The three operation types

BrowserWire organizes discovered operations into three categories:
TypeMethodWhat it does
ViewsGETNavigates to a page or component and reads structured data from it
ActionsPOSTPerforms a single UI operation — clicking a button, selecting from a dropdown, etc.
WorkflowsPOSTExecutes a multi-step sequence of actions in order — the way users complete a full task like logging in or submitting a form
For most agent tasks, workflows are the right starting point. They package the full sequence needed to complete an operation, so your agent doesn’t need to orchestrate individual actions itself.

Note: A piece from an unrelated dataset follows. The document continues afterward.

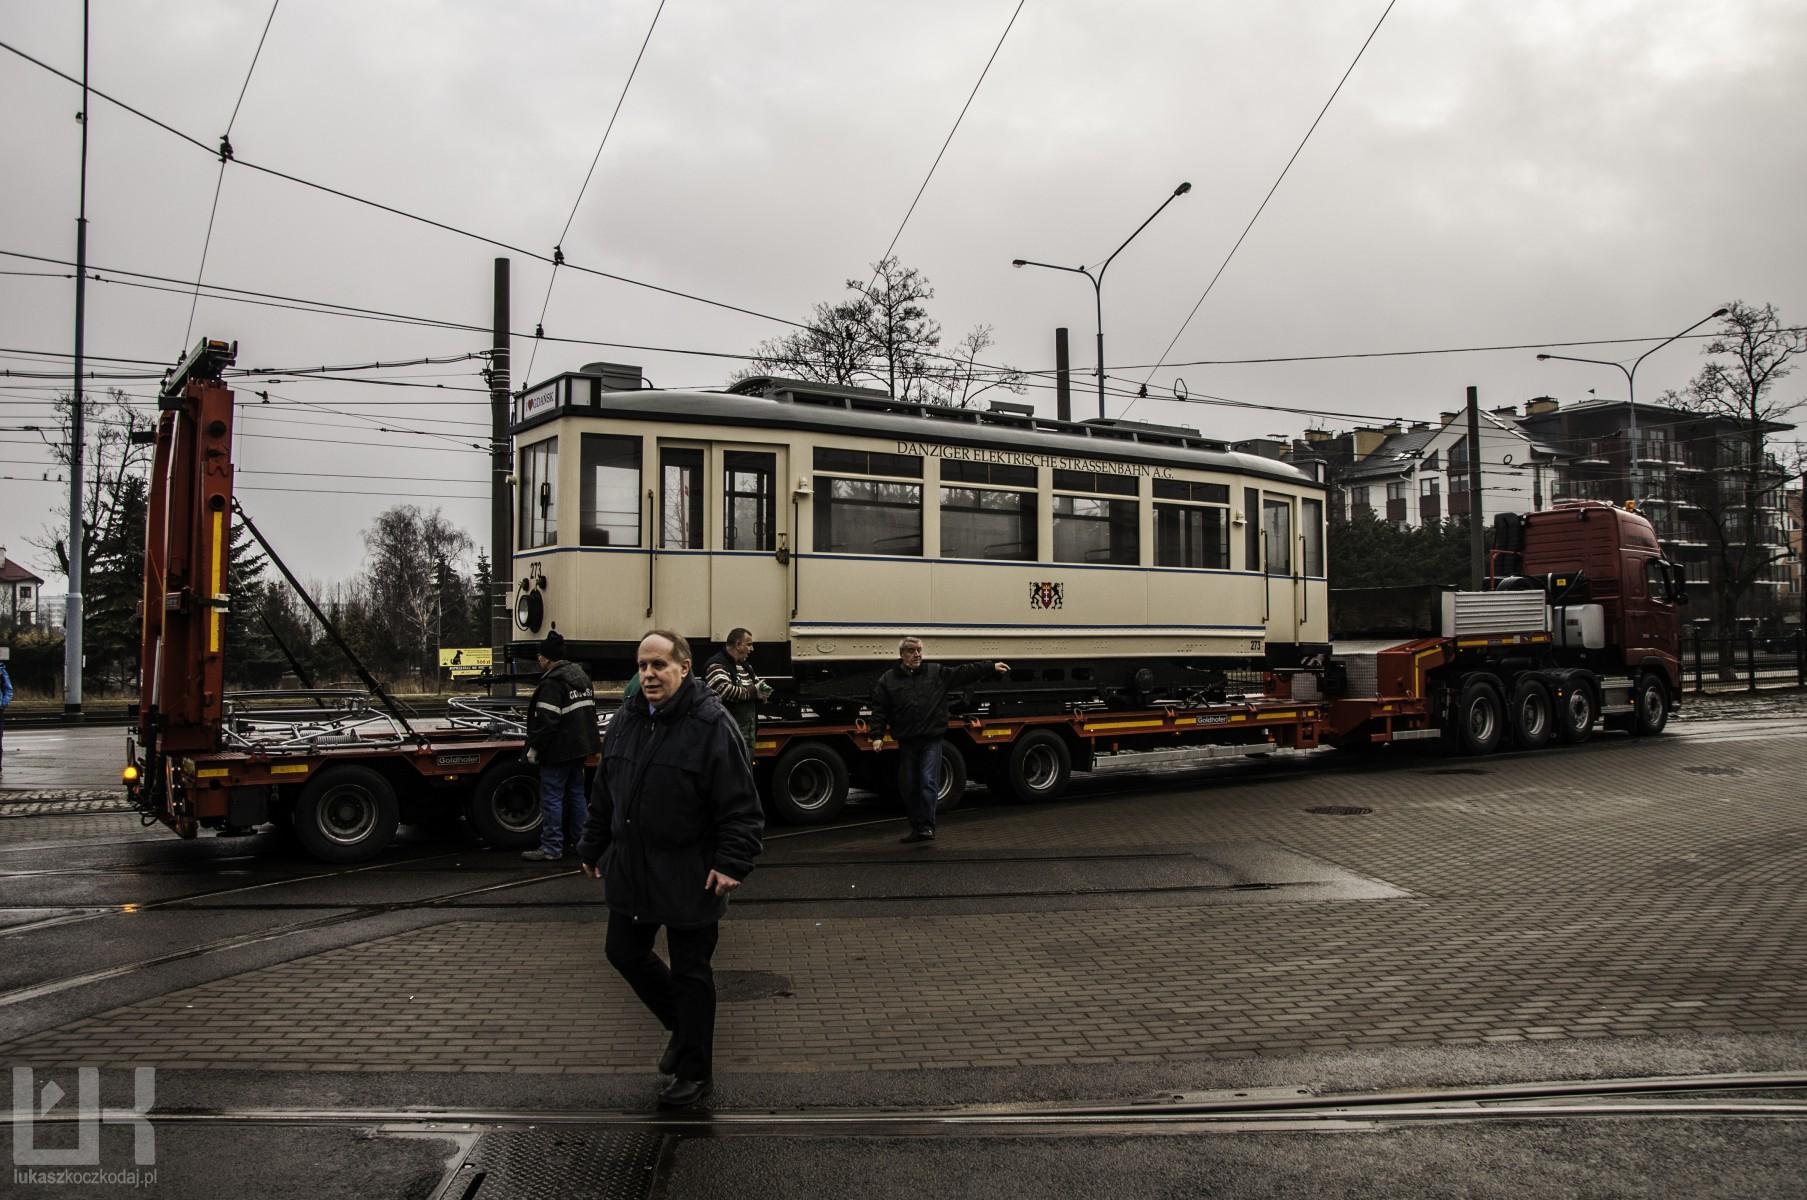 Fot. Łukasz Koczkodaj
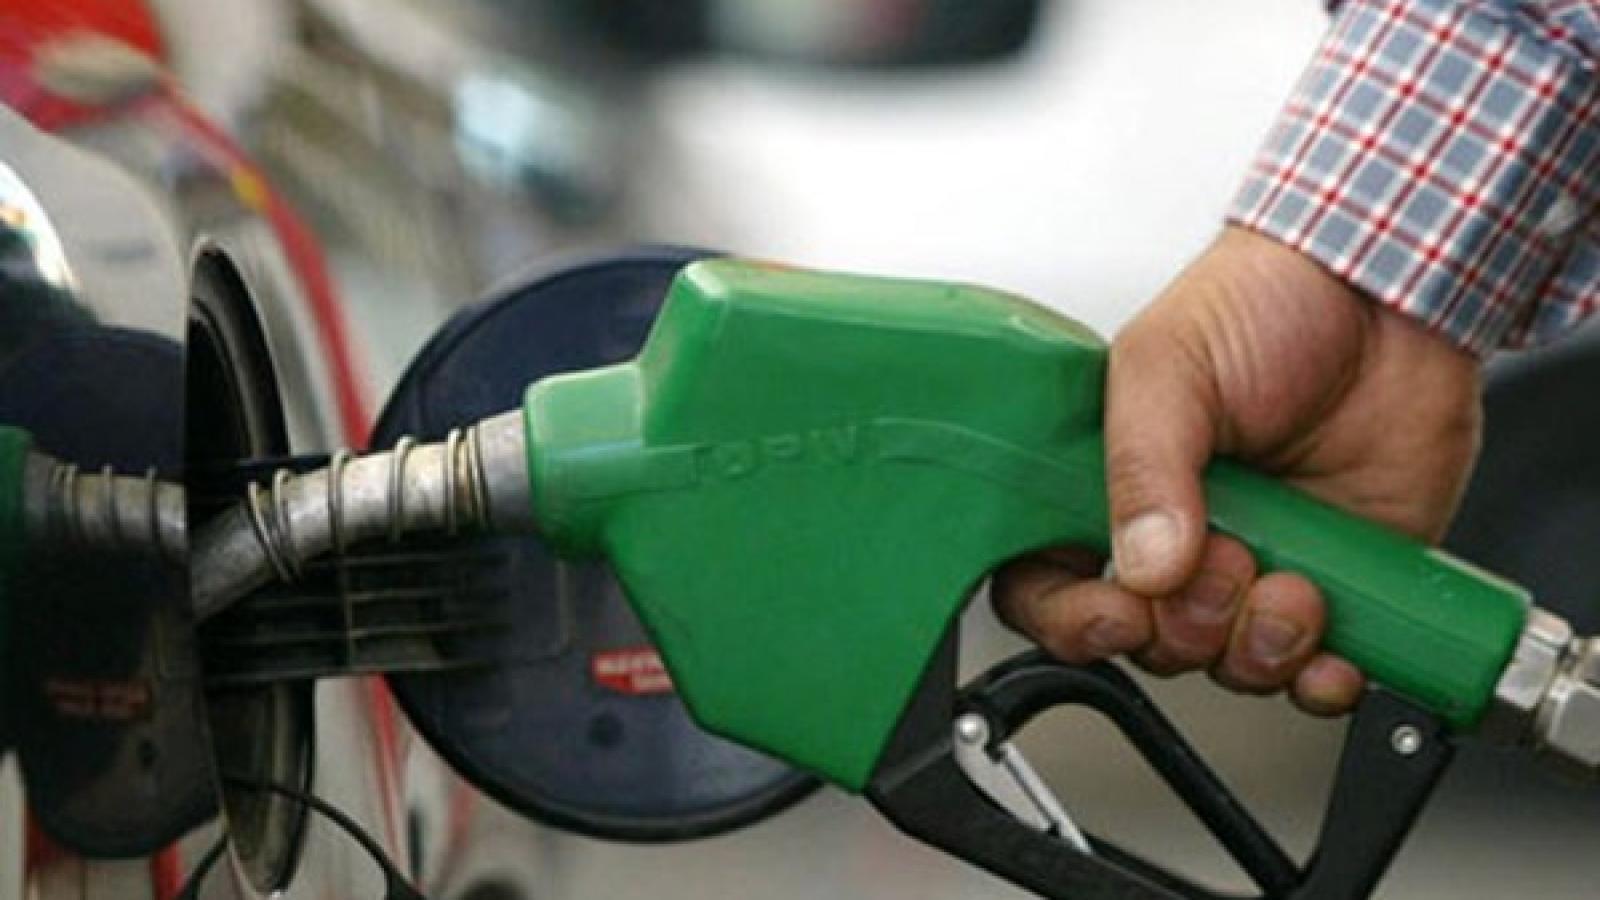 رشد 8 درصدی مصرف بنزین در بوشهر - اجاره خودرو طباطبایی

Testing operations interactively

Before connecting an agent, you can test every discovered operation in the browser using the Swagger UI:
open http://localhost:8787/api/sites/example-com/docs
Replace example-com with your site’s slug. The Swagger UI lists all views, actions, and workflows with their input schemas, and lets you execute them directly.

CORS

All API endpoints include permissive CORS headers by default:
Access-Control-Allow-Origin: *
Access-Control-Allow-Methods: GET, POST, OPTIONS
Access-Control-Allow-Headers: Content-Type
This means you can call the BrowserWire API directly from a browser-based agent or frontend without proxy configuration.
The BrowserWire server listens on 127.0.0.1 by default, so it’s only reachable from the local machine. If you need to access it from another host (e.g., a remote agent), start the server with browserwire --host 0.0.0.0 and ensure the port is accessible.